There were politically active groups in New York City, but Kramer noted the culture on Fire Island was so different that they would often make fun of political activists: "It was not chic. It was not something you could brag about with your friends ... Guys marching down Fifth Avenue was a whole other world. The whole gestalt of Fire Island was about beauty and looks and golden men."

Even when he became an activist of sorts, Kramer tended to frame his work in personal terms, especially in attacks on then-New York City mayor Ed Koch, and in denunciations of gay men's sexual culture, of which he was an active participant. It never seemed to occur to him that he was attacking himself.  Like the more conventionally recognizable antigay bigots of the religious Right, his jeremiads described himself as much as others; possibly even more.  In his twilight years he continued and amplified his hypocrisy, attacking other gay men for supposedly engaging in "meaningless sex" while complaining that they weren't having it with him.
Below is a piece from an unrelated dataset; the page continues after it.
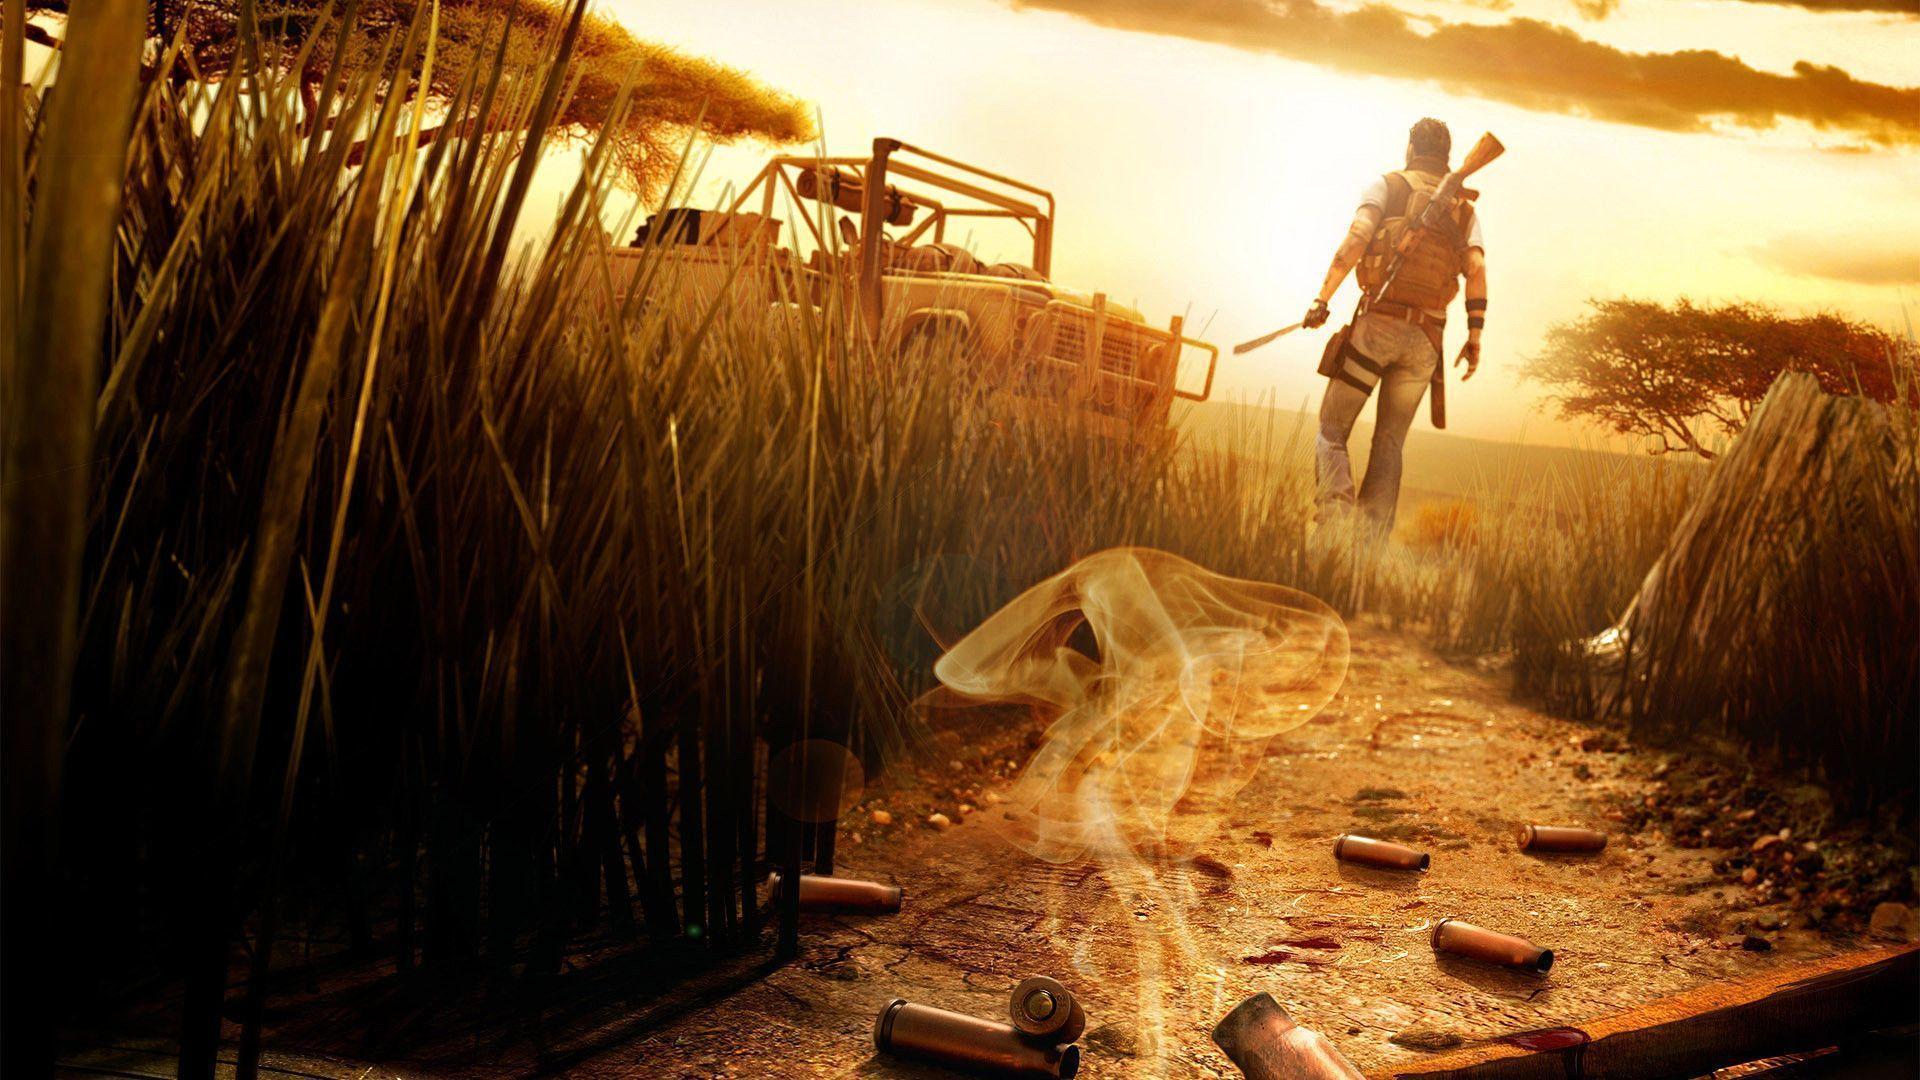 wBaEw8P.jpg - Far Cry 2
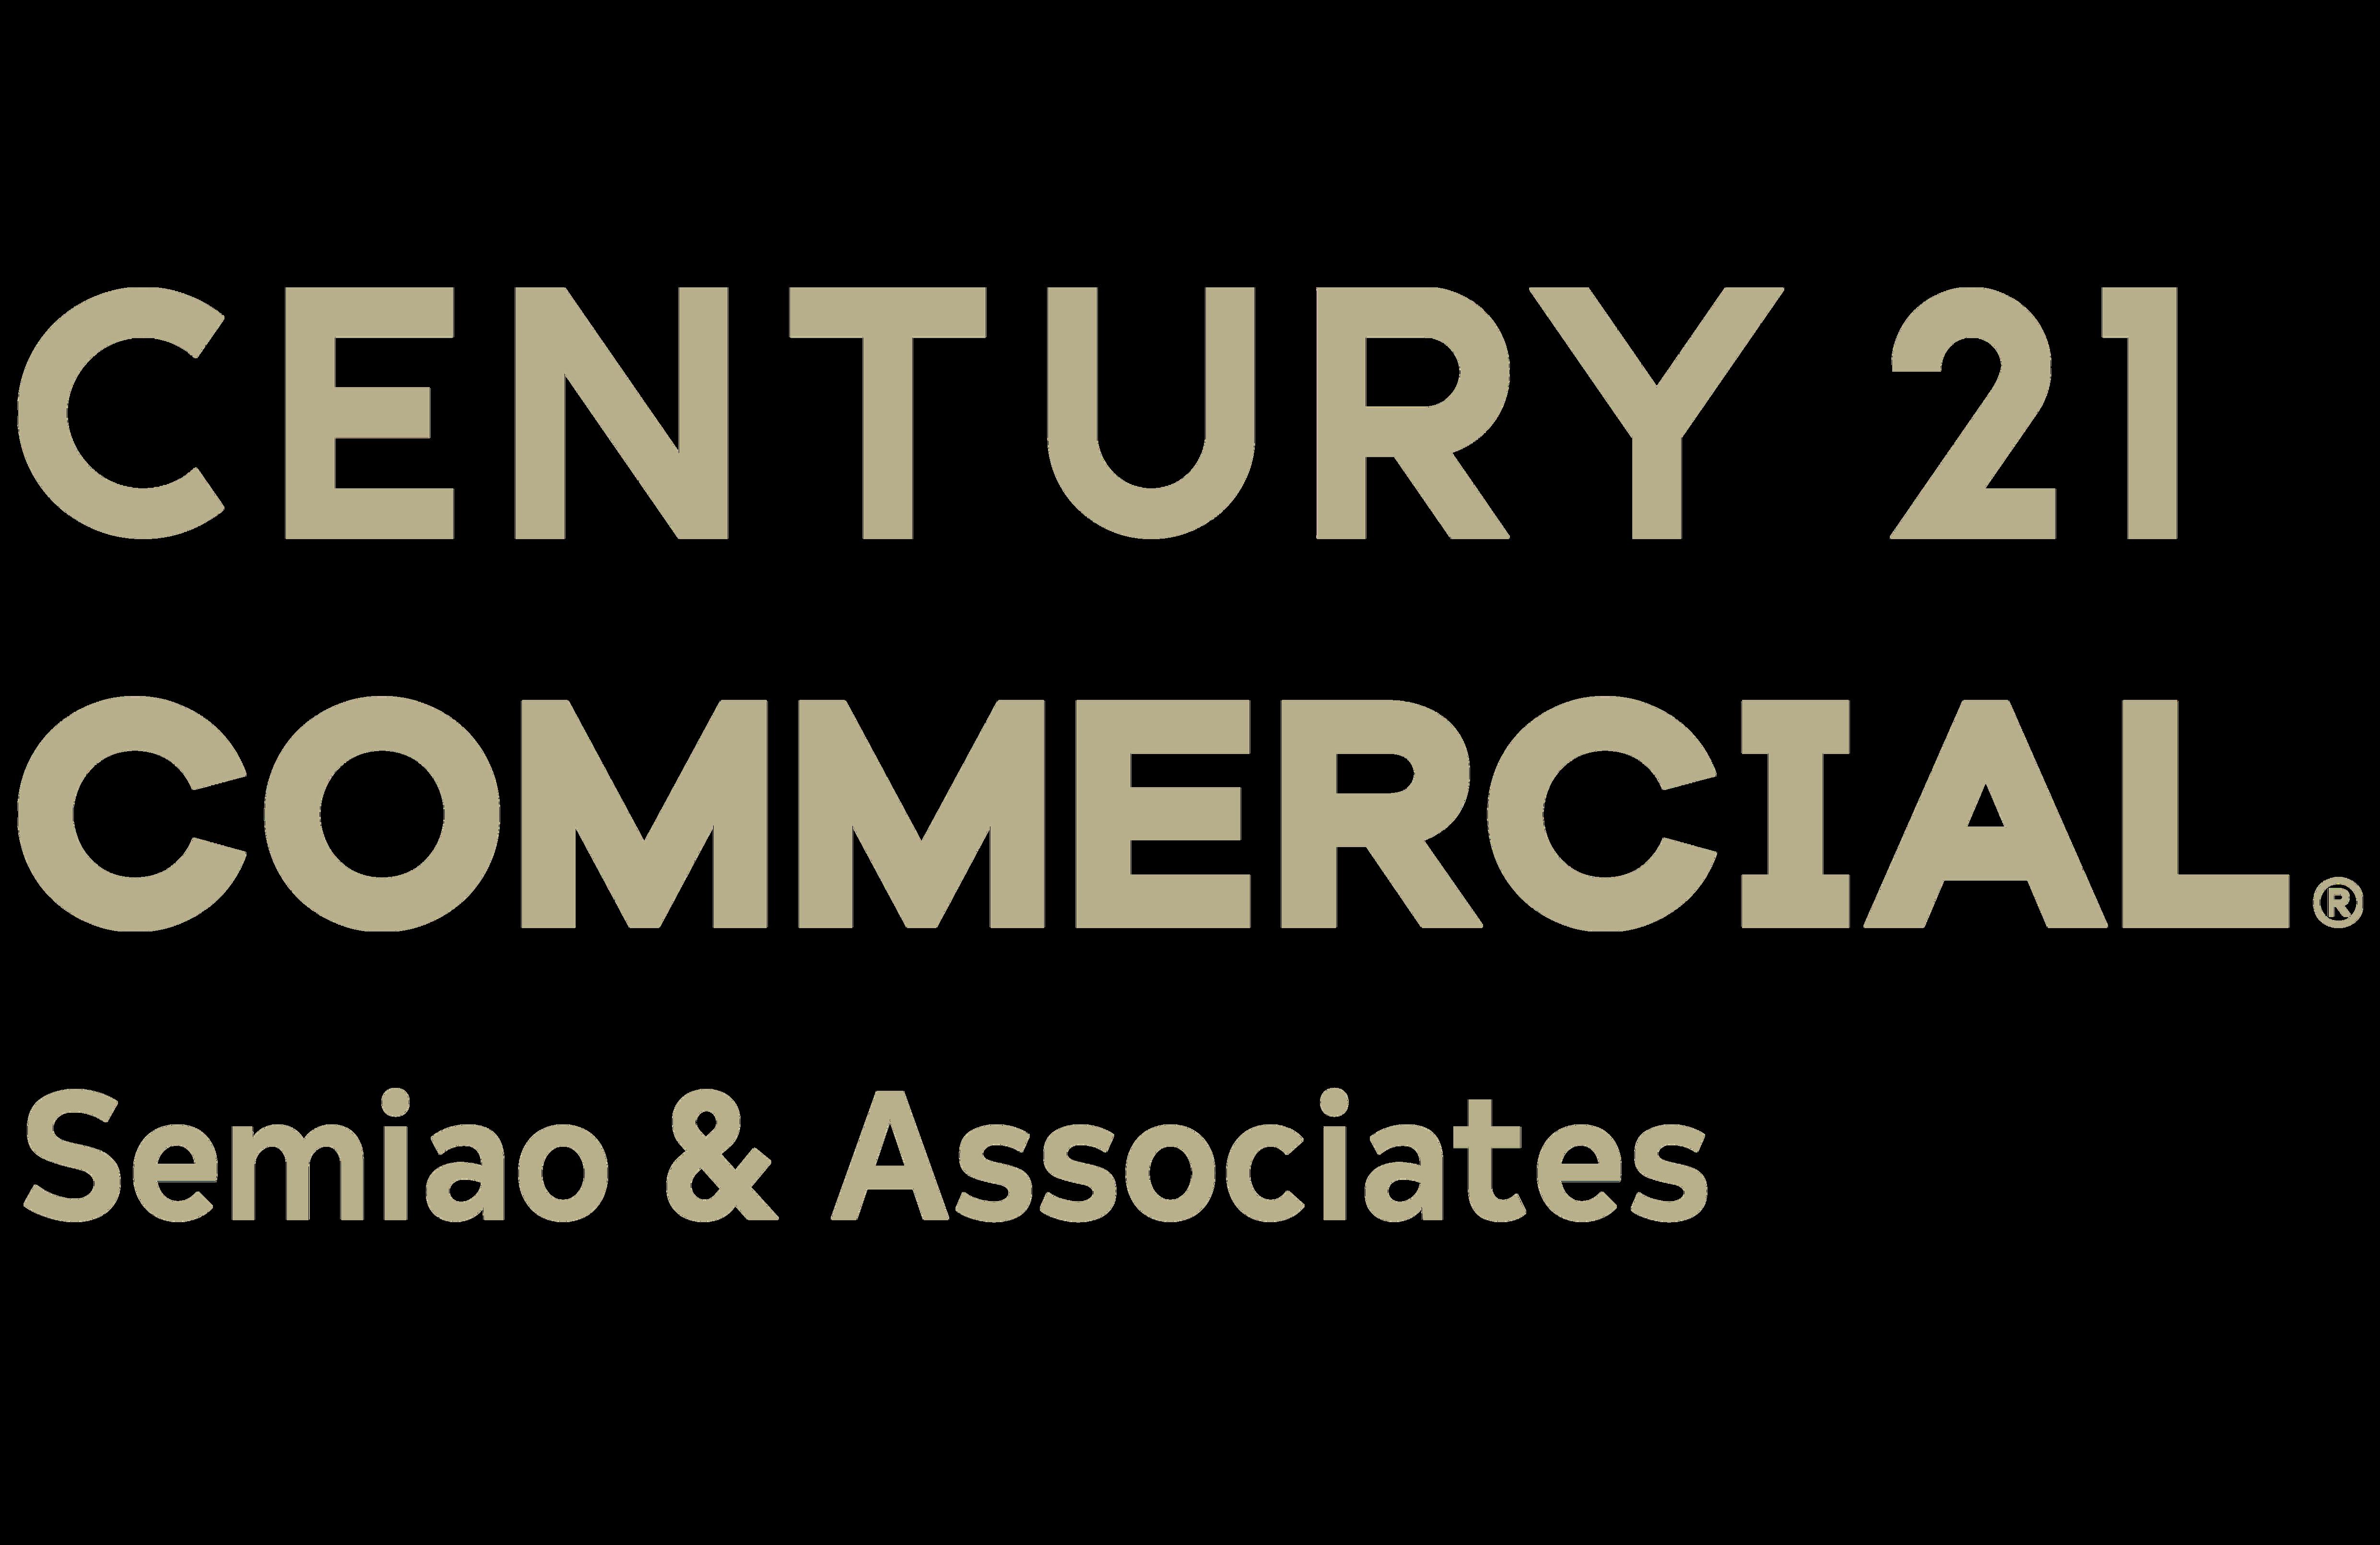 CENTURY 21 Semiao & Associates

Notice that when we know anything about the erotic lives of the men Ned/Kramer extols in his monologue, we know that they mostly consisted of the same kind of behavior he attacked in his contemporaries.  Far from the respectable, soft-focus fantasies Kramer concocted (inaccurately) about the monogamy of lesbians, those men patronized rent-boys, bathhouses, bars, streets, and other cruising places.  Oh, Henry James may have been the exception: it's not clear he had any erotic life at all beyond fantasy.  The rest of his list sometimes found long-term partners, but weren't monogamous with them any more than Kramer was with his.  Ned's speech probably gratified queasy straight audiences with its denunciation of gay sex, but even in The Normal Heart he (like his author) haunted the baths when he wasn't on Fire Island.  But that doesn't count as defining himself by his cock, I guess.  And as we now know, being a real soldier won't protect a man against AIDS.

Throughout history down to the present, most gay-ish men haven't been high achievers, and there's no reason why they should have been.  (If not for AIDS, Kramer himself would probably have gone down in history as a minor playwright and Hollywood scriptwriter.  Not a wasted life, but not Alexander the Great either.)  When I read Ned Weeks's speech again after seeing the National Theatre clip, I was reminded of a similar coattails-riding you'll observe among fundamentalist Christians: they may be barely literate, but they "belong to a culture" of famous, highly learned and accomplished Christians.  They know very little about them, have never bothered to read their works, but they are validated because C. S. Lewis was a distinguished college professor and scholar.

Maybe I should stress that I situate myself in gay history.  I'm aware of my predecessors, and I'm dependent on and grateful to the work of scholars who've broadened and deepened our knowledge of the erastai/eromenoi, arsenokoitai, sodomites, buggers, sapphists, inverts, hijra, llamana, katoey, jotas, maricones, marimachas, toms/dees, and others whose lives make up the history.  It's not a simple unitary history, it's a big hot mess, which Kramer's simplifications dishonor and diminish. He accused queer theorists of erasing gay history, but that's another of his lies: most of the work that has begun to fill out our knowledge over the past forty and more years was done by scholars who at least pledged allegiance to queer theory.  You can no more do justice to our lives by denying our sexuality than by centralizing it -- but then why not centralize it?  Gay people who say we're just like straights except for what we do in bed are reducing us to our sexuality, and also pretending that we are all alike when we are as various as straights.